Only the lines from the one with "Prix de la carotte" to the end of the listing below should be set down, exactly as written and without any pictures.

GIVEN MATERIAL >>

++++

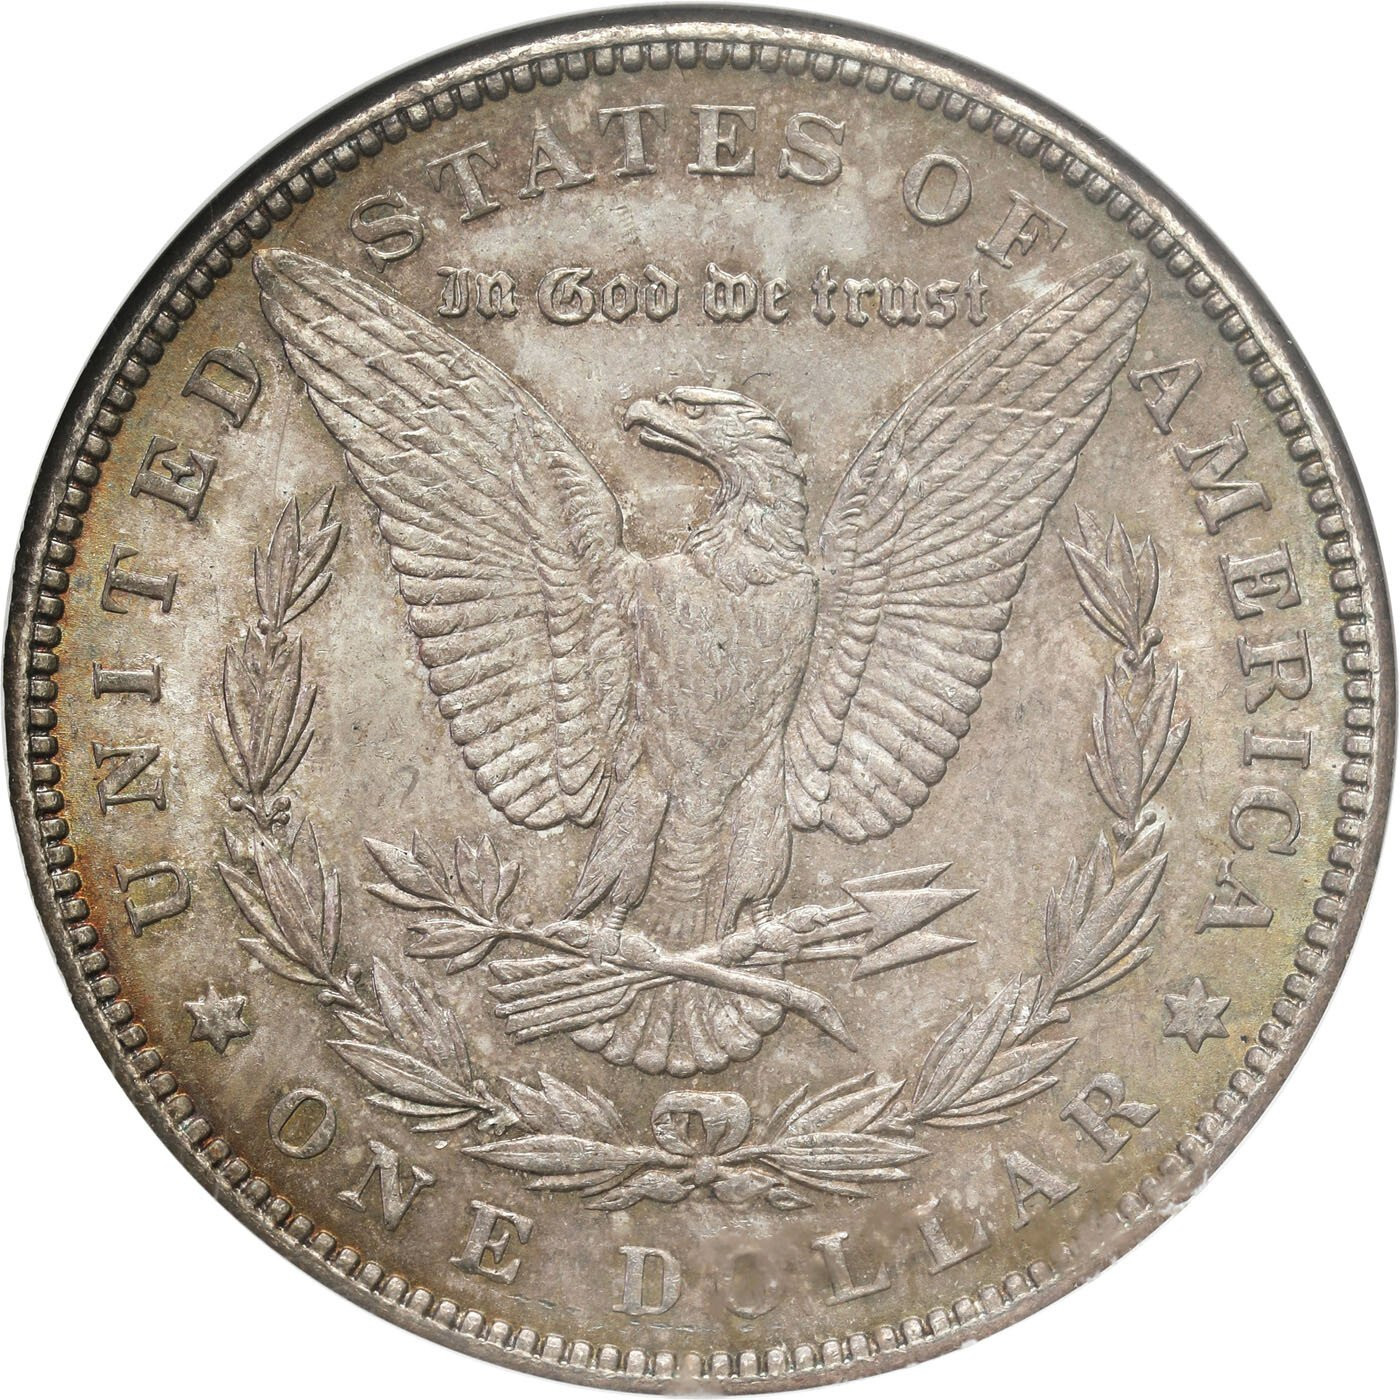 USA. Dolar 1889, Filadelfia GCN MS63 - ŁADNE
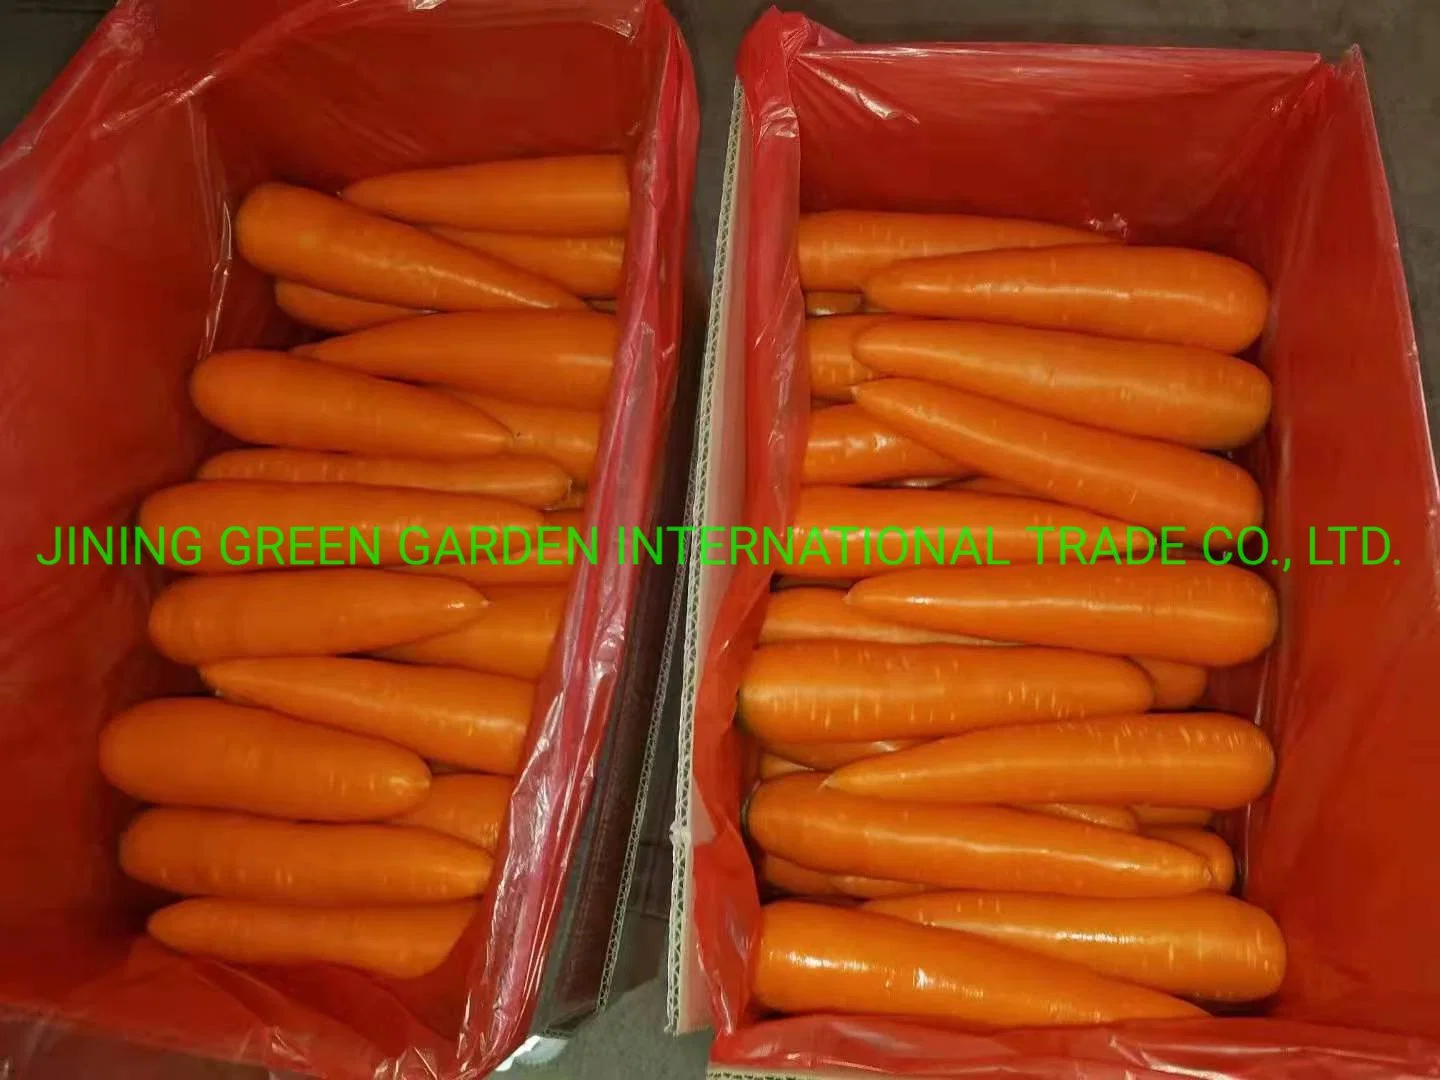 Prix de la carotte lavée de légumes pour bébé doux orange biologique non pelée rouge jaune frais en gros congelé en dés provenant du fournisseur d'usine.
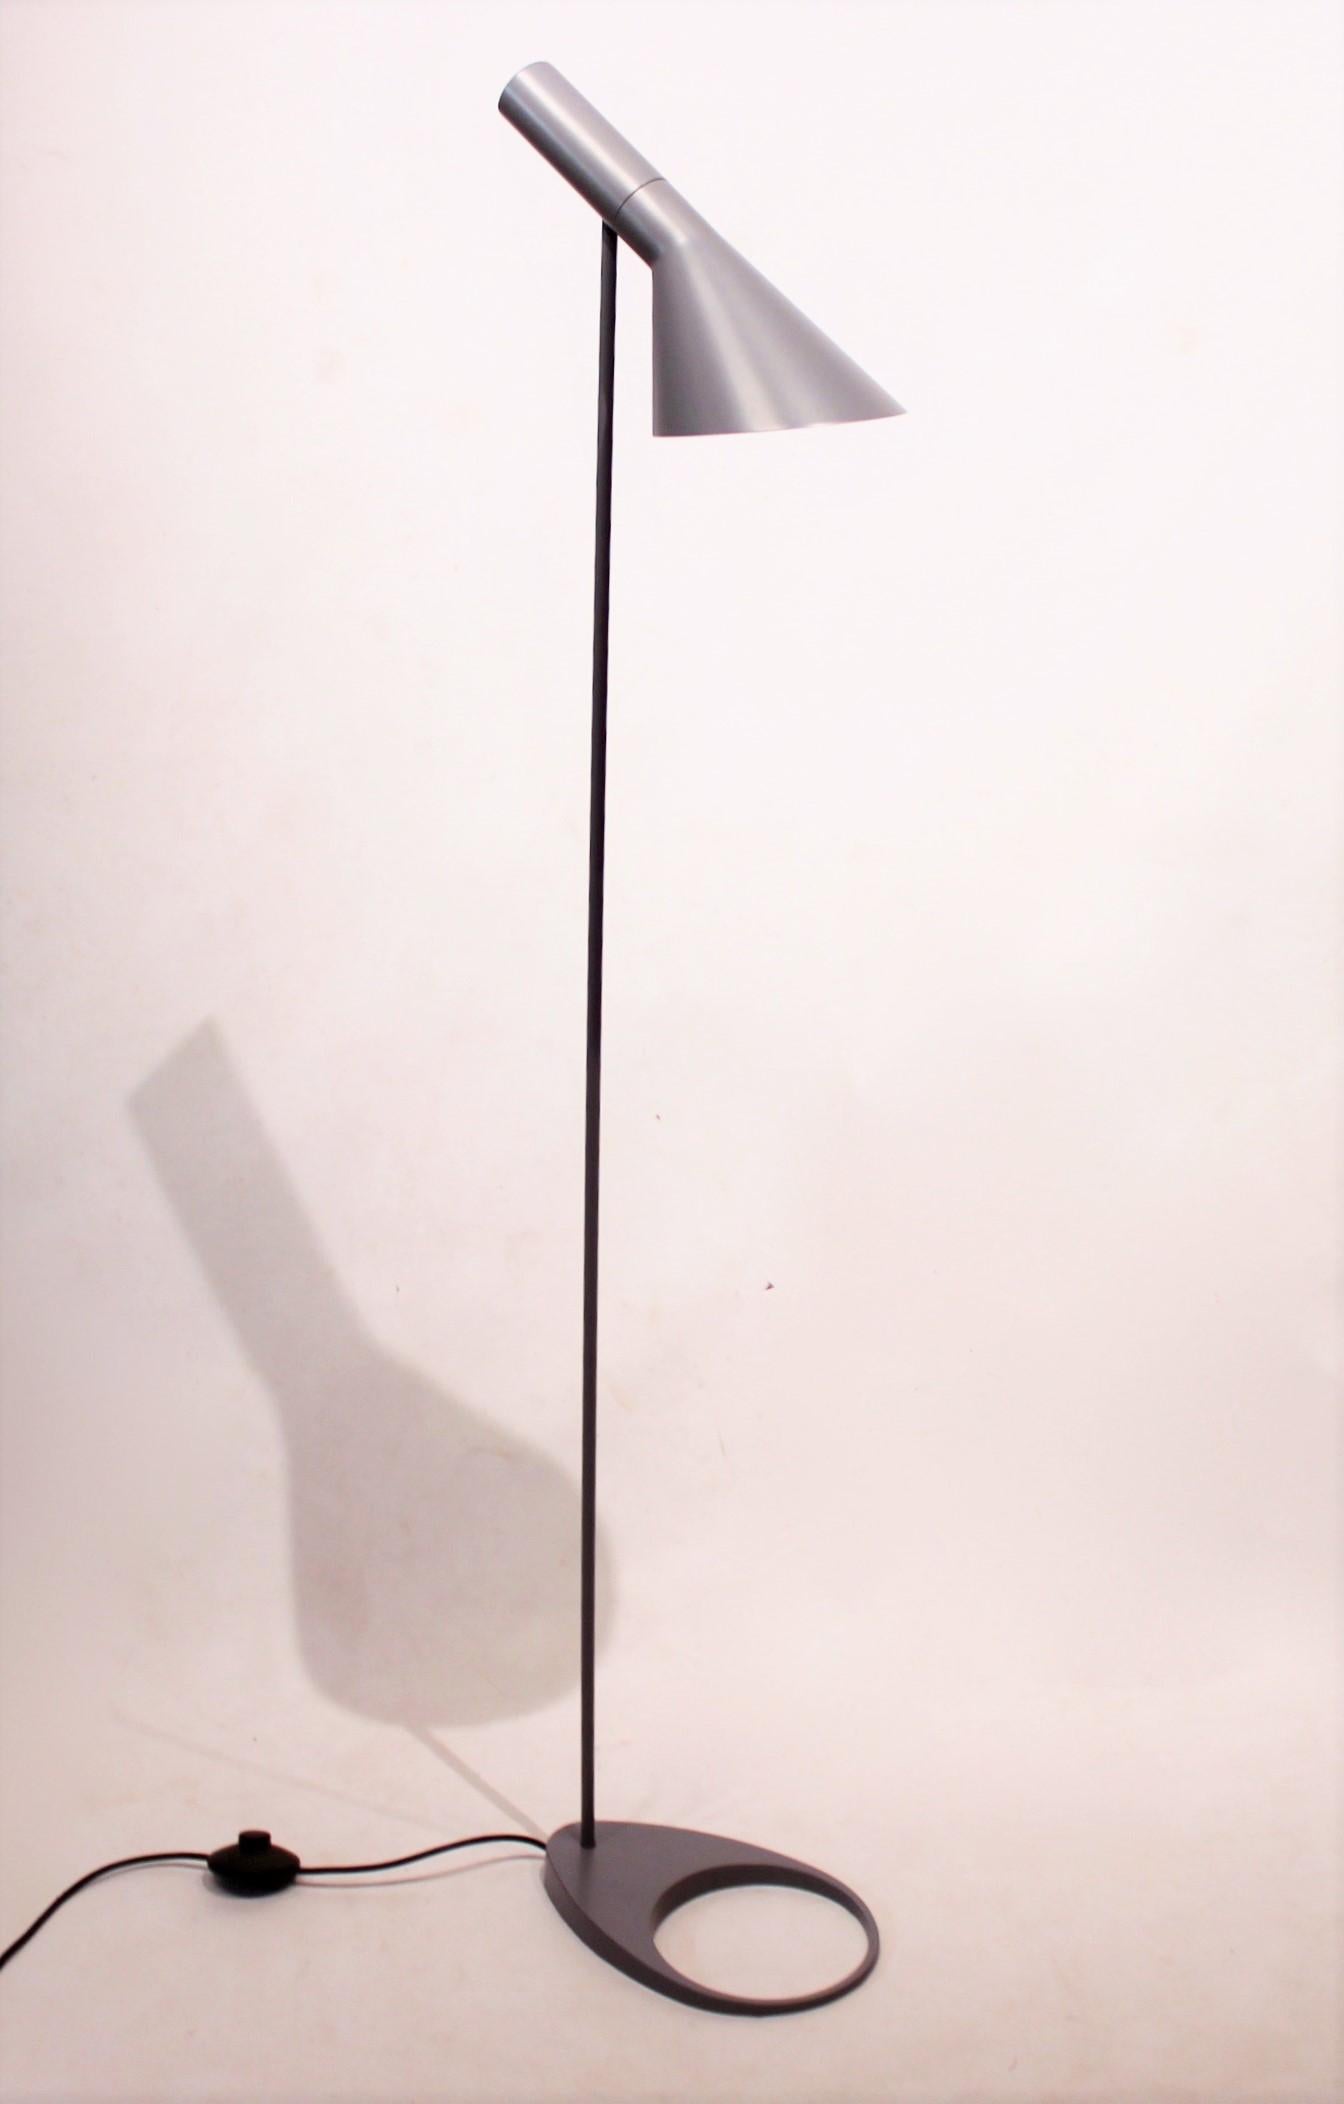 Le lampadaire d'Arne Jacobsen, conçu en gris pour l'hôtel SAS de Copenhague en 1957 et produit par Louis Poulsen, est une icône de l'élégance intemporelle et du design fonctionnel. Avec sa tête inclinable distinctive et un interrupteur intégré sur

++++

THE ANSWER >>
 Prix de la carotte lavée de légumes pour bébé doux orange biologique non pelée rouge jaune frais en gros congelé en dés provenant du fournisseur d'usine.
 Le lampadaire d'Arne Jacobsen, conçu en gris pour l'hôtel SAS de Copenhague en 1957 et produit par Louis Poulsen, est une icône de l'élégance intemporelle et du design fonctionnel. Avec sa tête inclinable distinctive et un interrupteur intégré sur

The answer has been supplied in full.